Active Confusion Expression in Large Language Models: Leveraging World Models toward Better Social Reasoning
Jialu Du, Guiyang Hou, Yihui Fu, Chen Wu, Wenqi Zhang, Yongliang Shen, Weiming Lu
TL;DR
This work addresses the challenge of social reasoning in large language models, where cognitive confusion and conflation of objective events with agents’ beliefs hinder reliable judgment. It proposes an adaptive world-model-enhanced reasoning framework with a cognitive-intervention trigger that constructs a dynamic textual world model and intervenes when confusion signals appear, guiding the model back to coherent reasoning. The approach yields measurable improvements in accuracy and substantial token-efficiency gains across ToMi, Hi-ToM, and ExploreToM benchmarks, with larger models benefiting more from the interventions. By explicitly separating external world states from internal beliefs through stateful world models, the method offers a practical path to deploying LLMs in real-world social reasoning tasks.
Abstract
While large language models (LLMs) excel in mathematical and code reasoning, we observe they struggle with social reasoning tasks, exhibiting cognitive confusion, logical inconsistencies, and conflation between objective world states and subjective belief states. Through deteiled analysis of DeepSeek-R1's reasoning trajectories, we find that LLMs frequently encounter reasoning impasses and tend to output contradictory terms like "tricky" and "confused" when processing scenarios with multiple participants and timelines, leading to erroneous reasoning or infinite loops.
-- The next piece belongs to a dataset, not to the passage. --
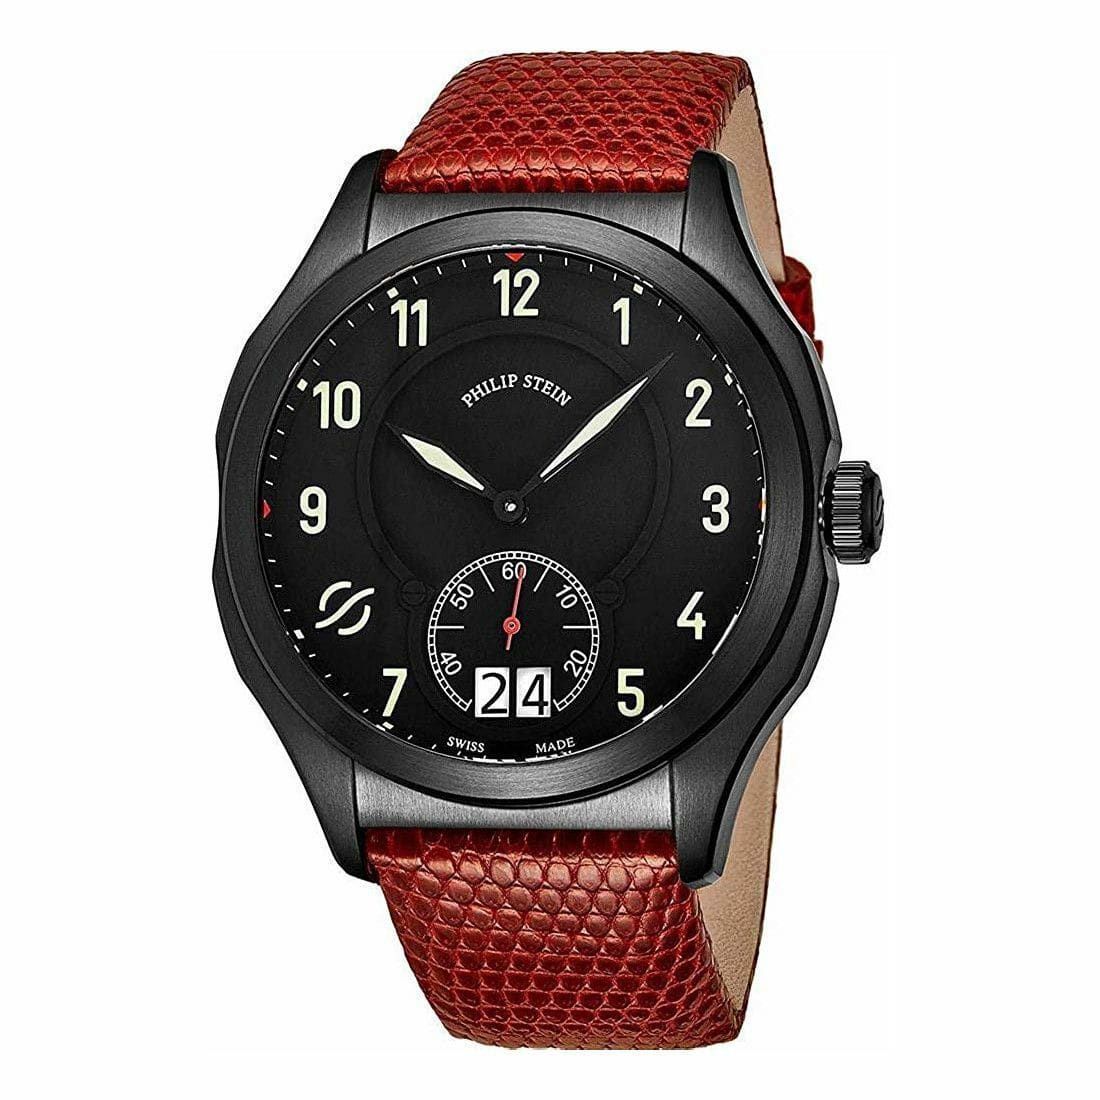 Philip Stein 17BSBKLZR Prestige Black Dial Men's Red Leather Quartz Watch 794504350340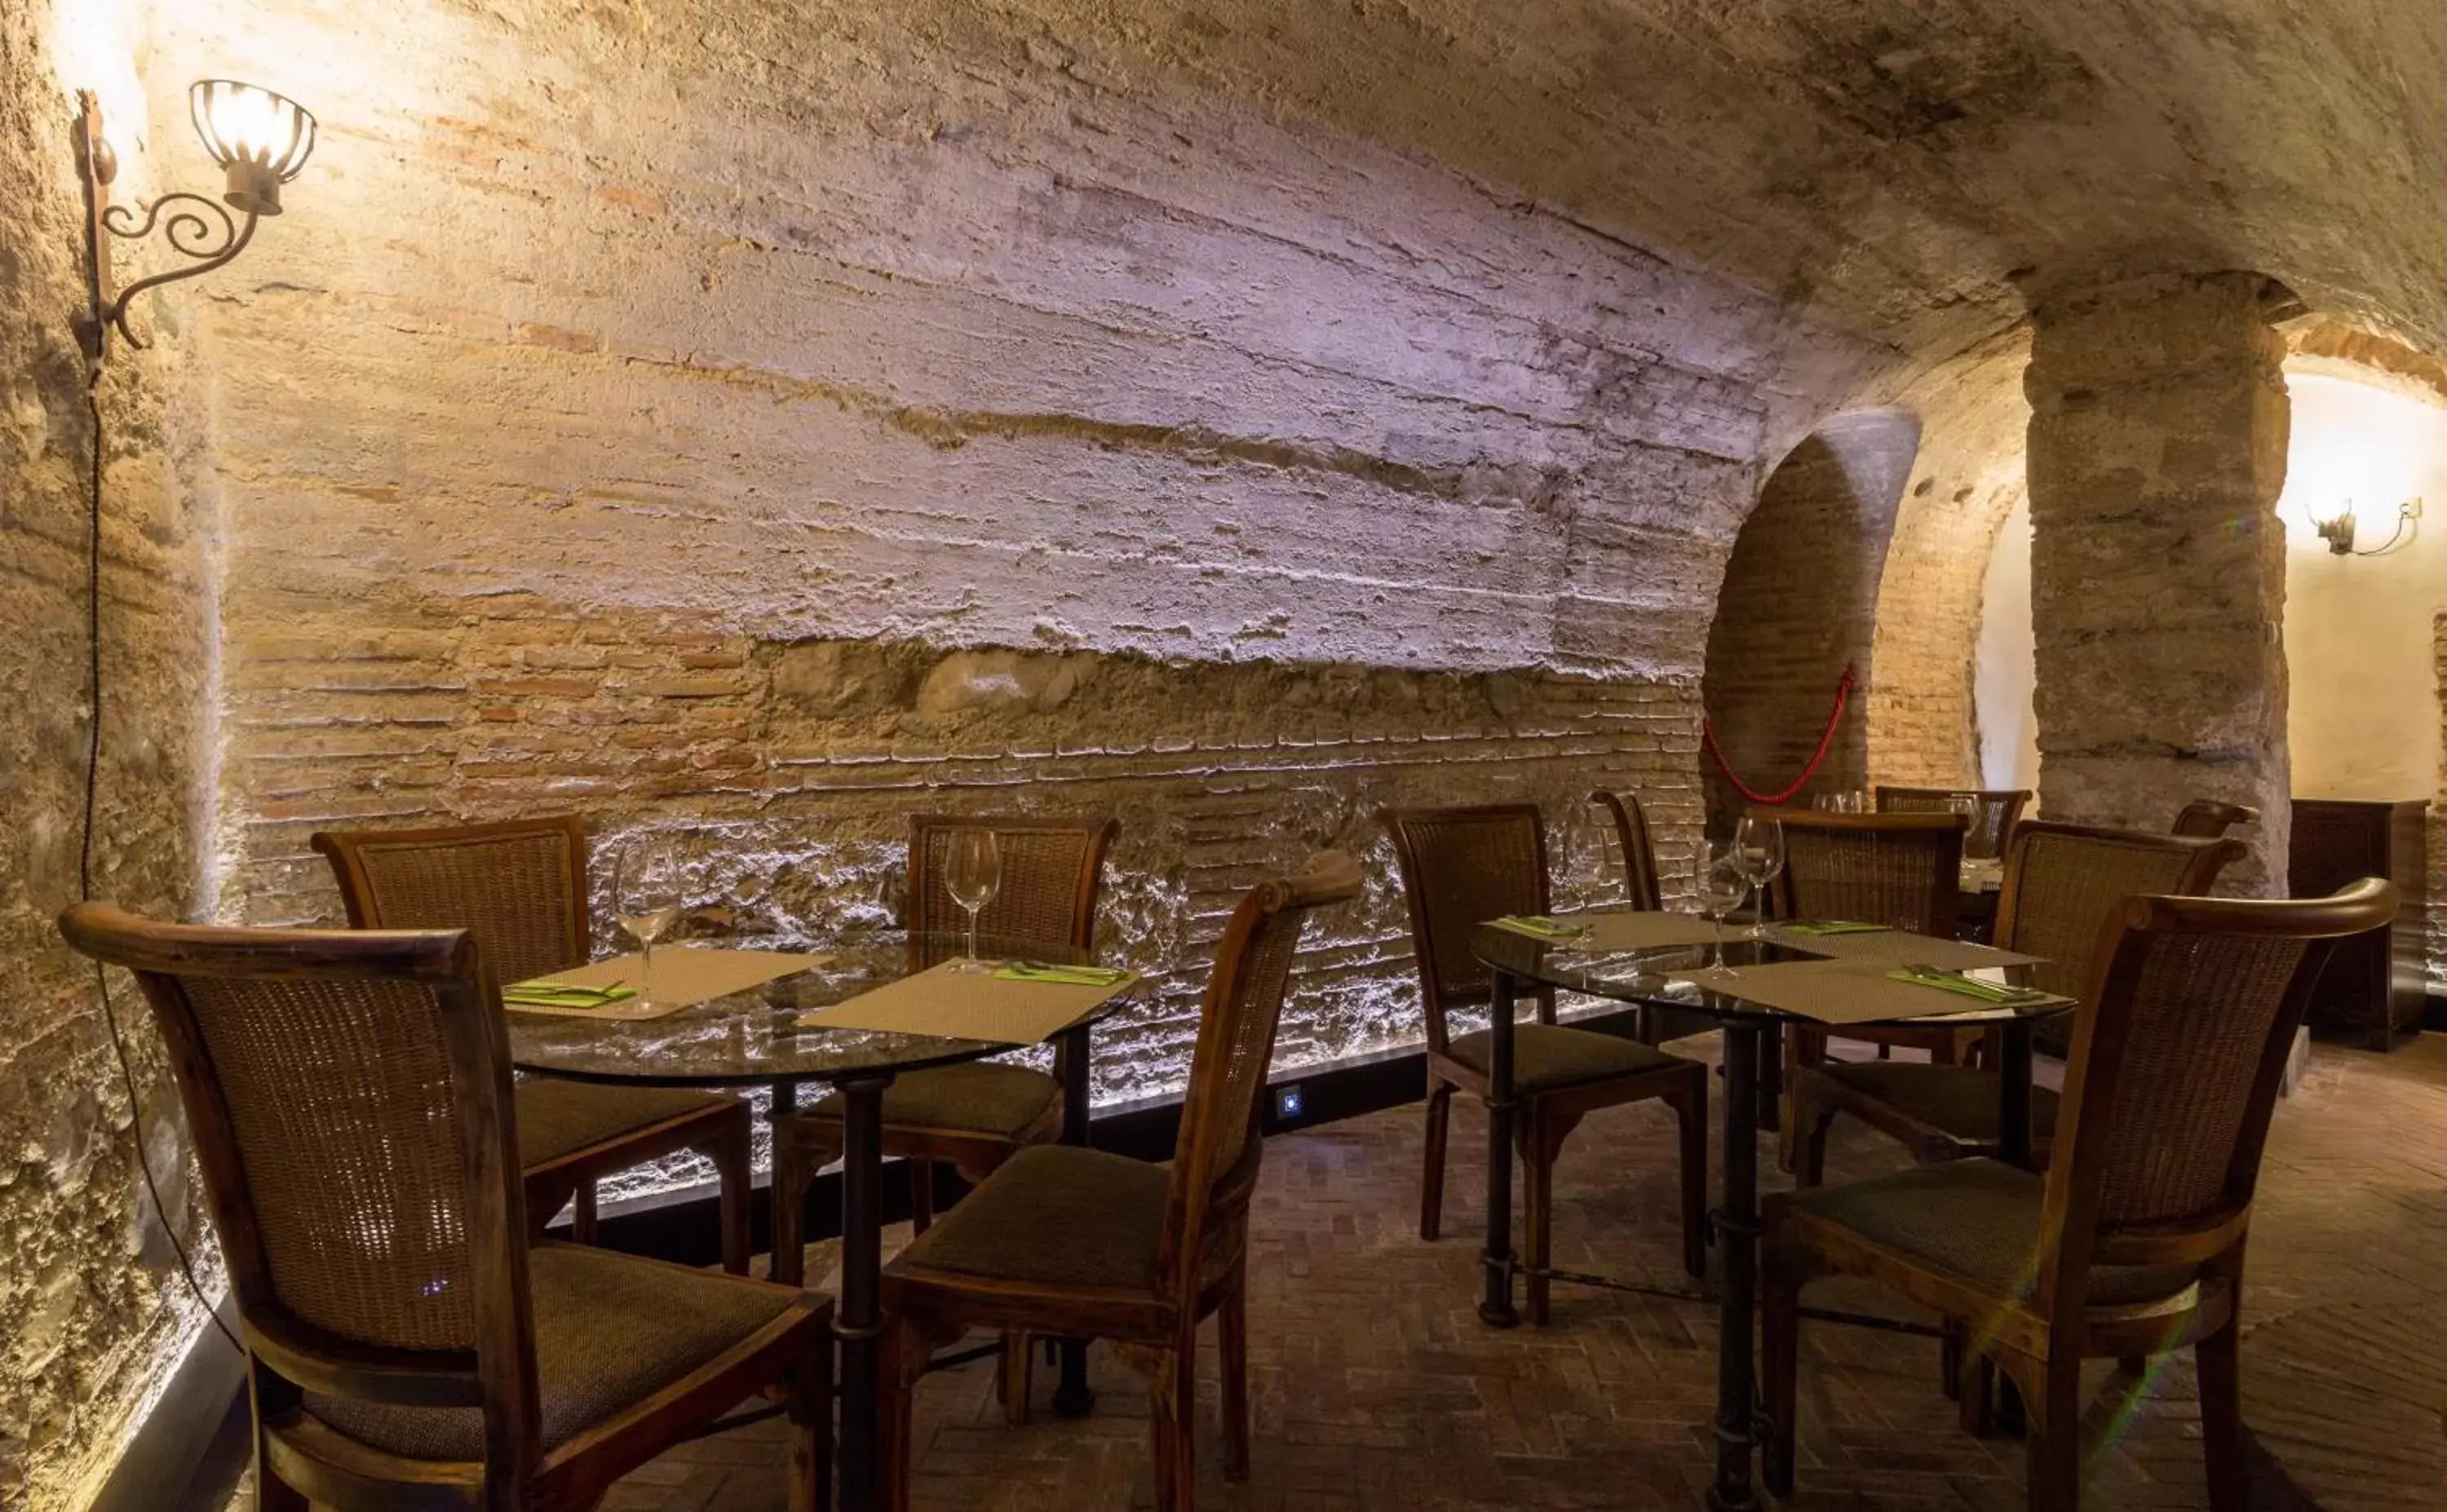 Banquet/Function facilities, Restaurant/Places to Eat in Palacio de Mariana Pineda

The core issue is their inability to disentangle objective reality from agents' subjective beliefs. To address this, we propose an adaptive world model-enhanced reasoning mechanism that constructs a dynamic textual world model to track entity states and temporal sequences. It dynamically monitors reasoning trajectories for confusion indicators and promptly intervenes by providing clear world state descriptions, helping models navigate through cognitive dilemmas. The mechanism mimics how humans use implicit world models to distinguish between external events and internal beliefs. Evaluations on three social benchmarks demonstrate significant improvements in accuracy (e.g., +10% in Hi-ToM) while reducing computational costs (up to 33.8% token reduction), offering a simple yet effective solution for deploying LLMs in social contexts.